Fintech Will Challenge Banks, but it is Unlikely to Kill Them Off

The evolution and revamping of the banking industry has been growing rapidly with fintech, as venture capital in this sector was up to $12 billion from $4 billion the year before for the years 2014 and 2013, respectively. The reason for this high growth seems to be due to fintech’s ability offer similar services as traditional banks while relying on a peer-to-peer platform grounded on specialized software. Lower costs and easier access, allow users to get loans, send cash overseas, and manage their wealth. In addition, a changing landscape with the relevance of new technologies such as smartphones and cheap data processing are allowing fintech companies to have a median to access such a large market and subsequently, disrupt it. The millennial generation will also force traditional banks to change their business model, as they are accustomed to web-based technology and are trusting of the new financial innovations.
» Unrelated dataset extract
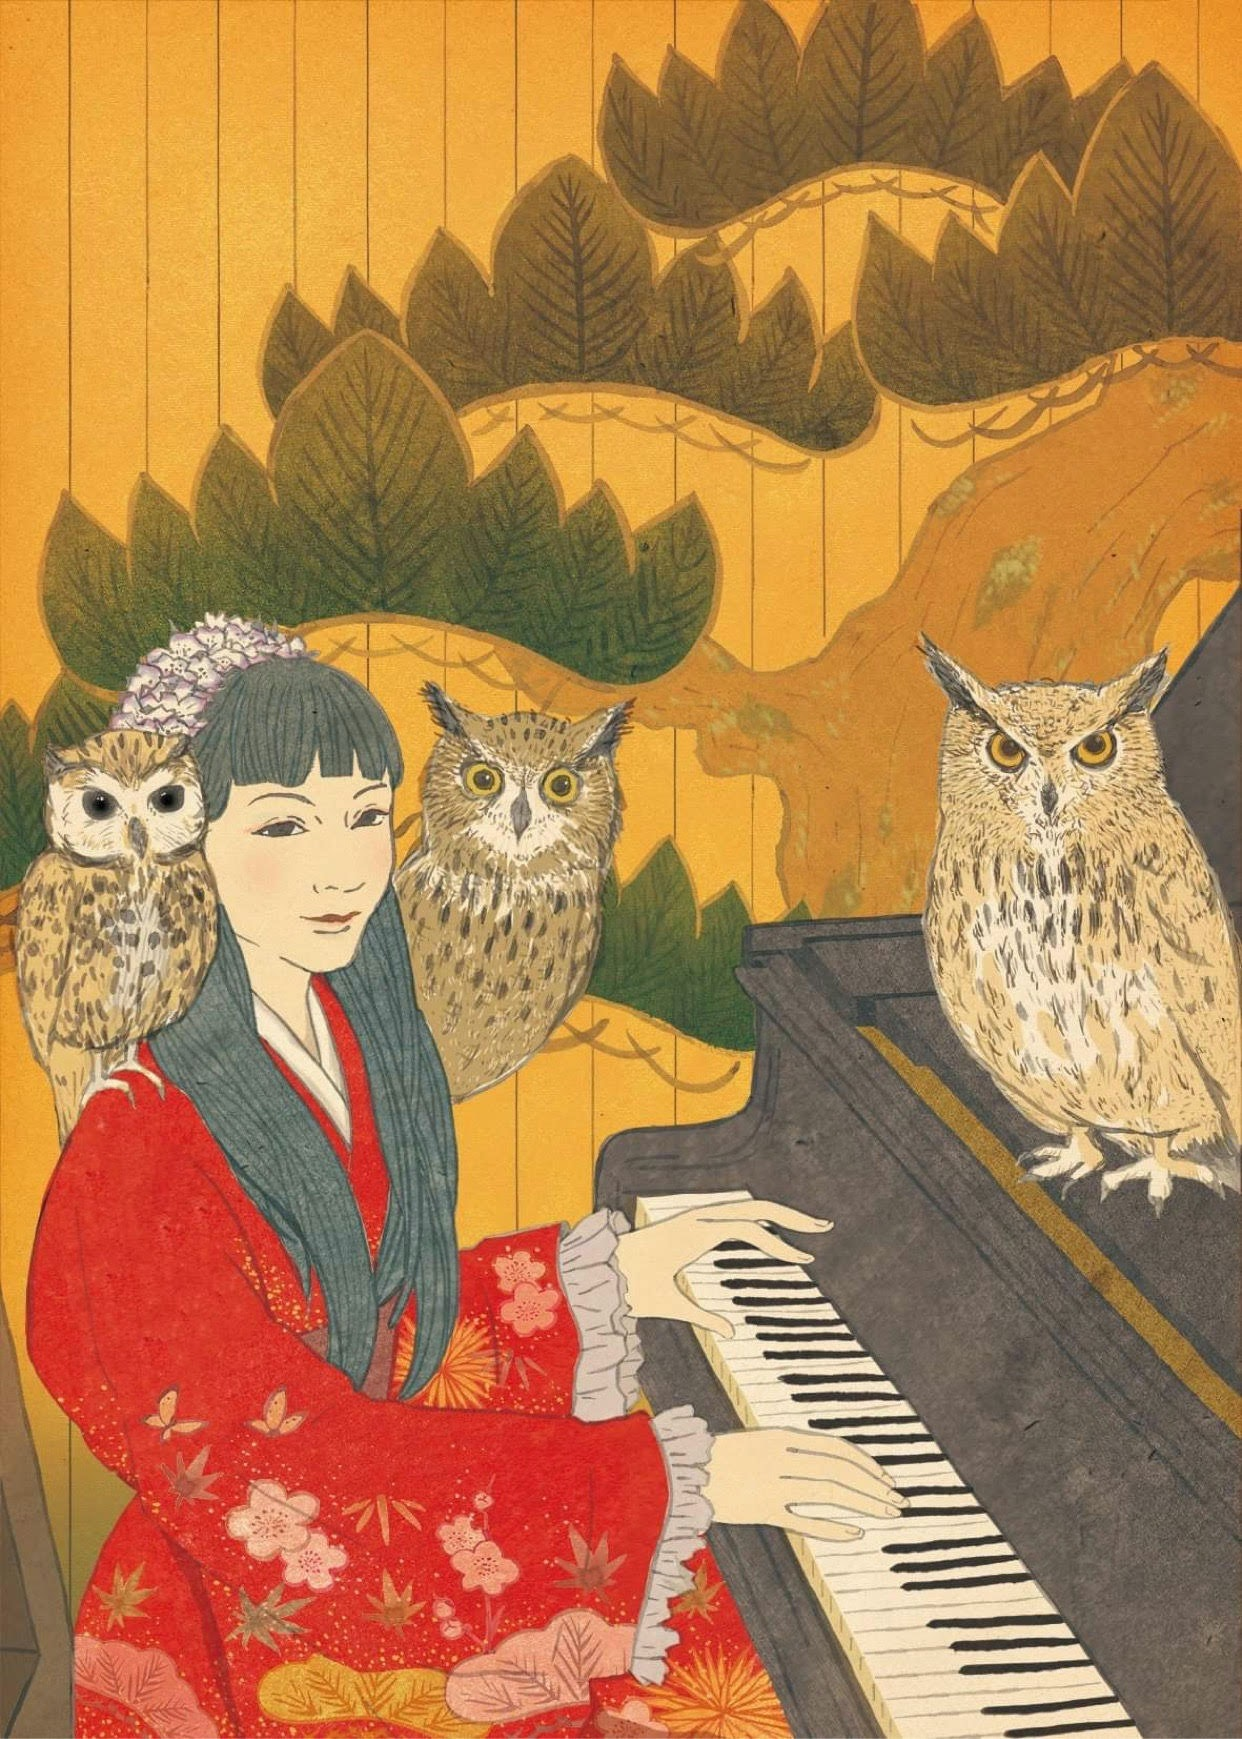 Shiho Yabuki. Illustration by Non Nakagawa.

The three equal parts to which banks make money through interest (both borrowing and saving), charging for making payments, and a collection of fees (overdrafts, brokering investments, etc.) are all challenged by fintech companies. Even though fintech’s top companies handle billions in trade where traditional banks handle trillions, fintech has a lot of room to grow. There was a point where banks used to view fintech companies as unable to penetrate they market, but now there is cause for concern with their business model being threatened.